With concentrate wines you dont need to add any sulfites in the beginning. First of all some already contain sulfites but mainly the way they are processed the wild yeast has already been killed. If you added 1/4 tsp per galln then you need to pour yor wine from bucket to bucket many many times to rid your wine of most of thsi sulfite for a few day and make a yeast starter in the meantime and when your starter is fermenting good add small amounts at a time of your must to this starter until your starter is about 3 times the size of when you started it. This will acclimate your yeast to a higher level of sulfite. Your othe yeat is shot so you better have a good yeast. Id get a Lalvin EC1118 or Red star Premier Cuvee as theye are the goto yeasts for tuff fermentatios.


----------



## chadk88 (Aug 4, 2011)

I think I am just going to dump this batch and start fresh. If I dont need to add any sulfites in the beginning when should I add them or do I even need to add them.


----------



## Redtrk (Aug 4, 2011)

chadk88 said:


> I think I am just going to dump this batch and start fresh. If I dont need to add any sulfites in the beginning when should I add them or do I even need to add them.

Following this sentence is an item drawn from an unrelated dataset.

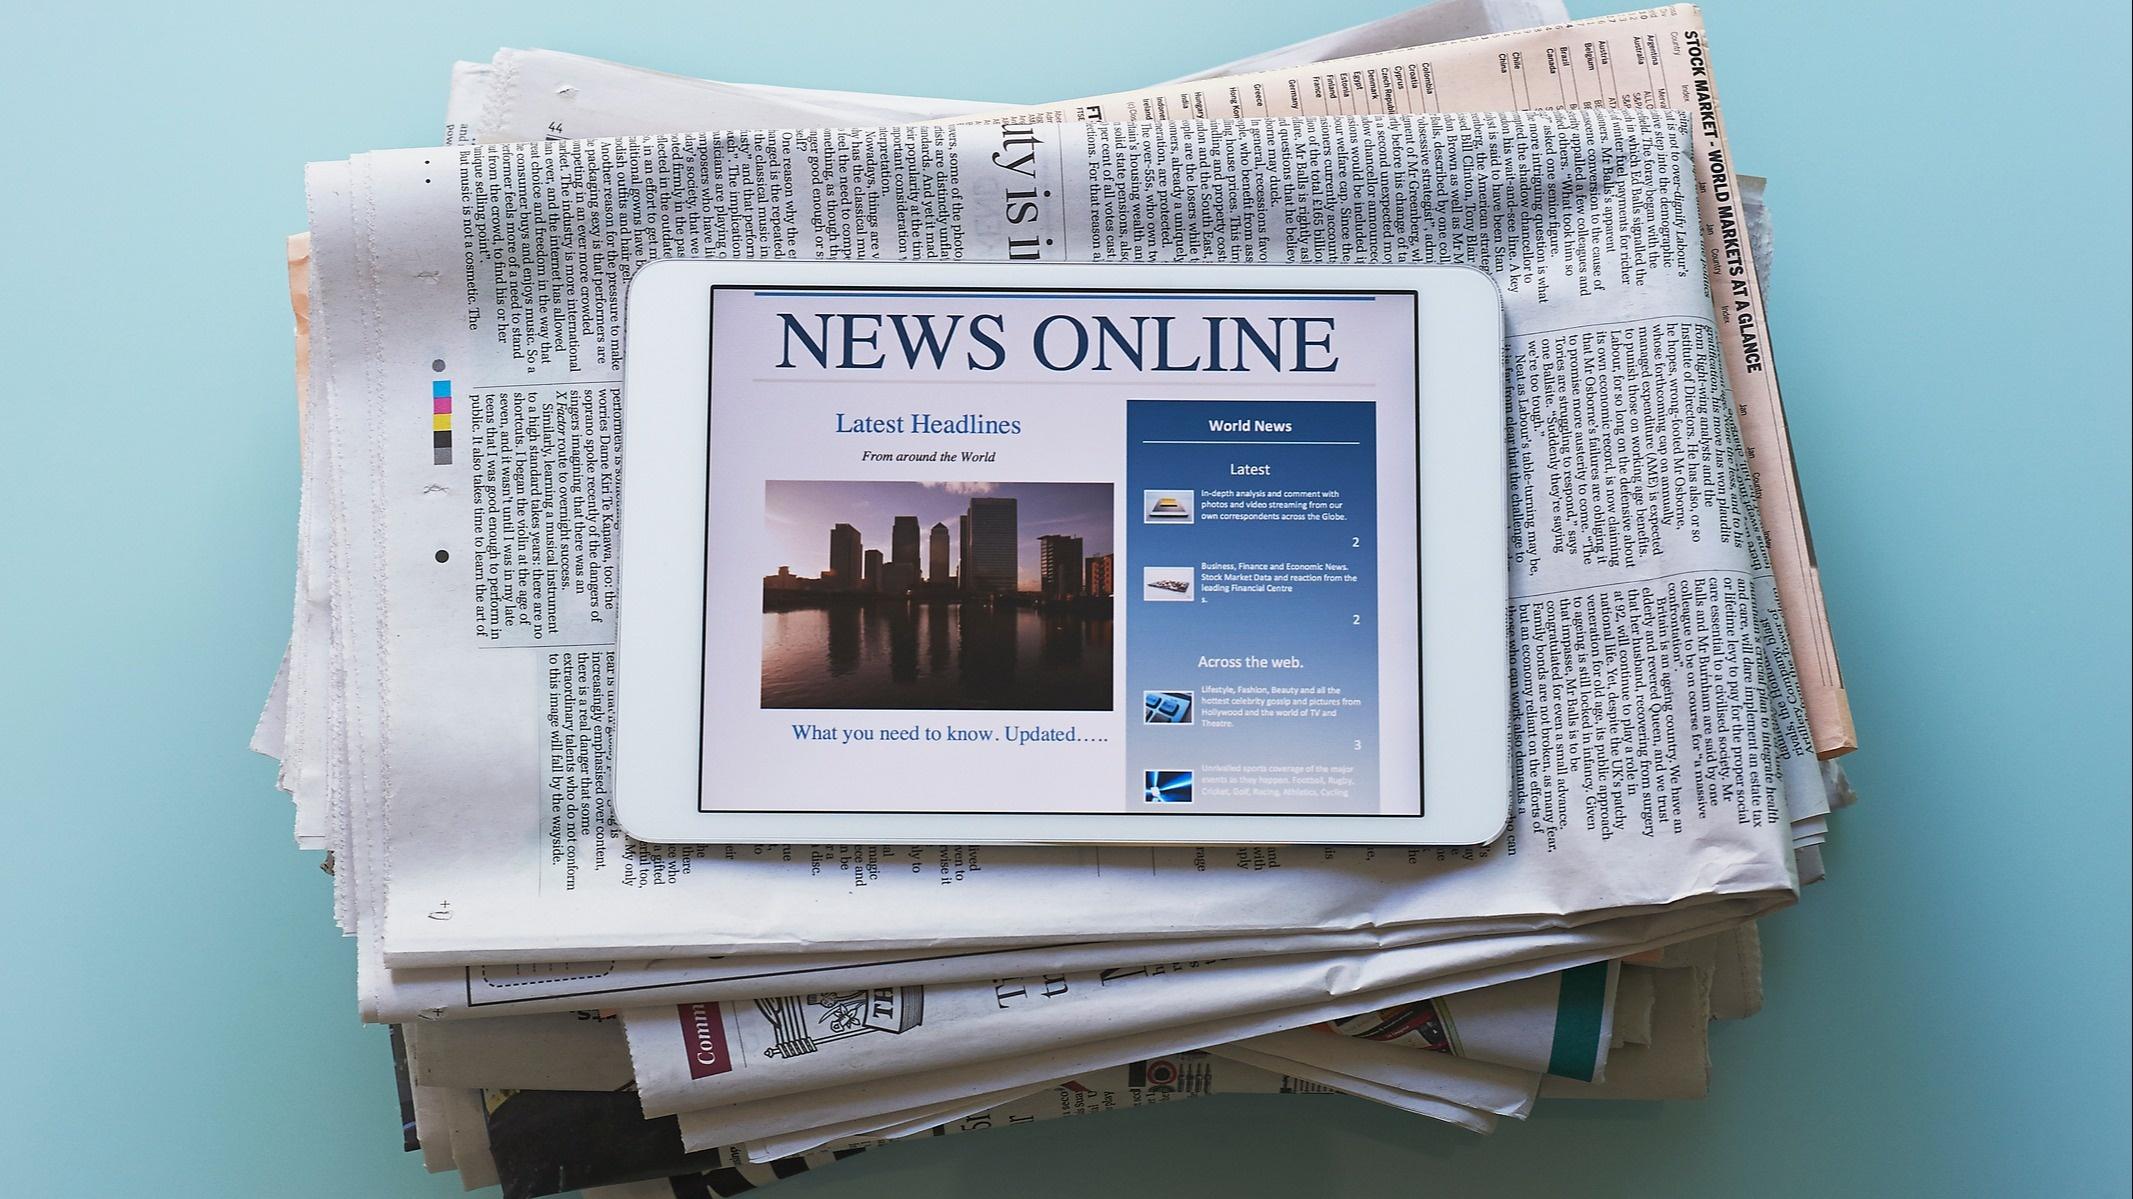 SEO para conteúdos noticiosos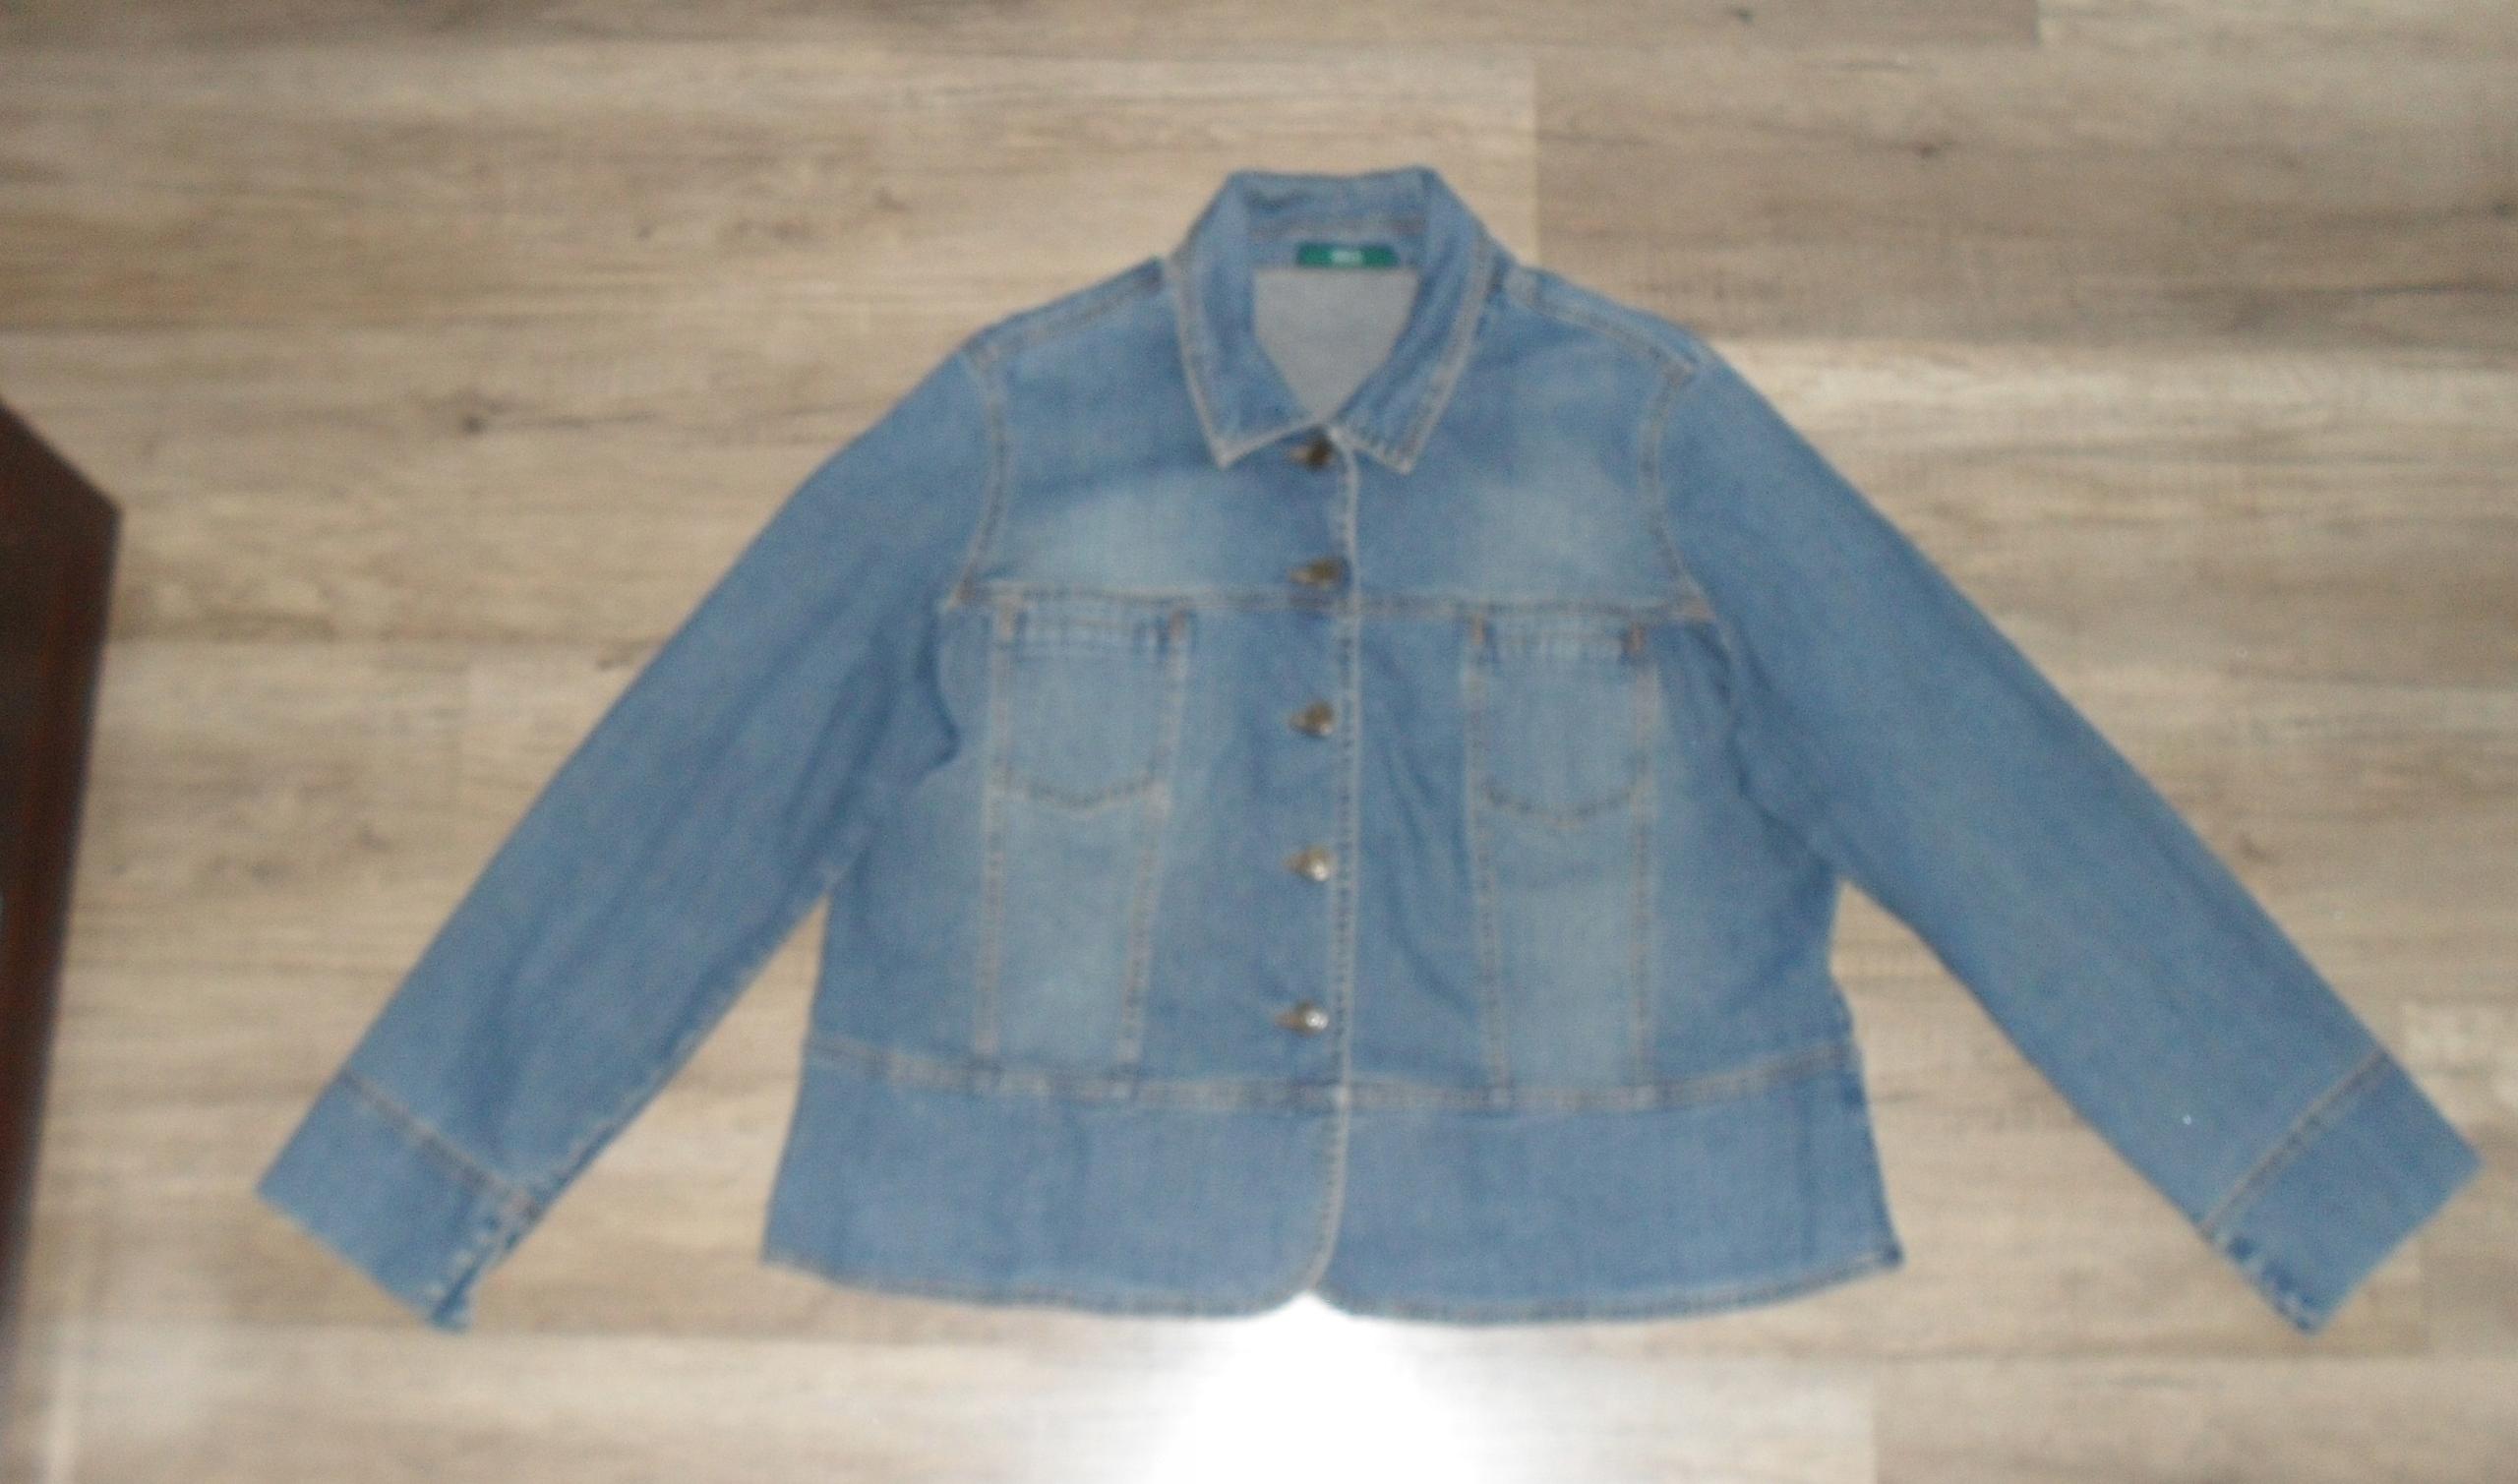 Marks & spencer Piękna kurtka jeansowa r 48/50

I wouldn't be so quick to dump it. Post up the full recipe you used and see if anyone here has a correction for you.


----------



## Wade E (Aug 4, 2011)

Only with concentrates or pastuerized juices do you not need to add sulfites.


----------



## robie (Aug 5, 2011)

He did indicate it smelled sour. That could be so, since it has set so long.
If it truly is a sour smell and not a sulfur smell, your batch likely is in real trouble.

After you answer the questions already asked and do as Wade suggested, smell it again and let us know if it is a sour smell or just a sulfur smell.


----------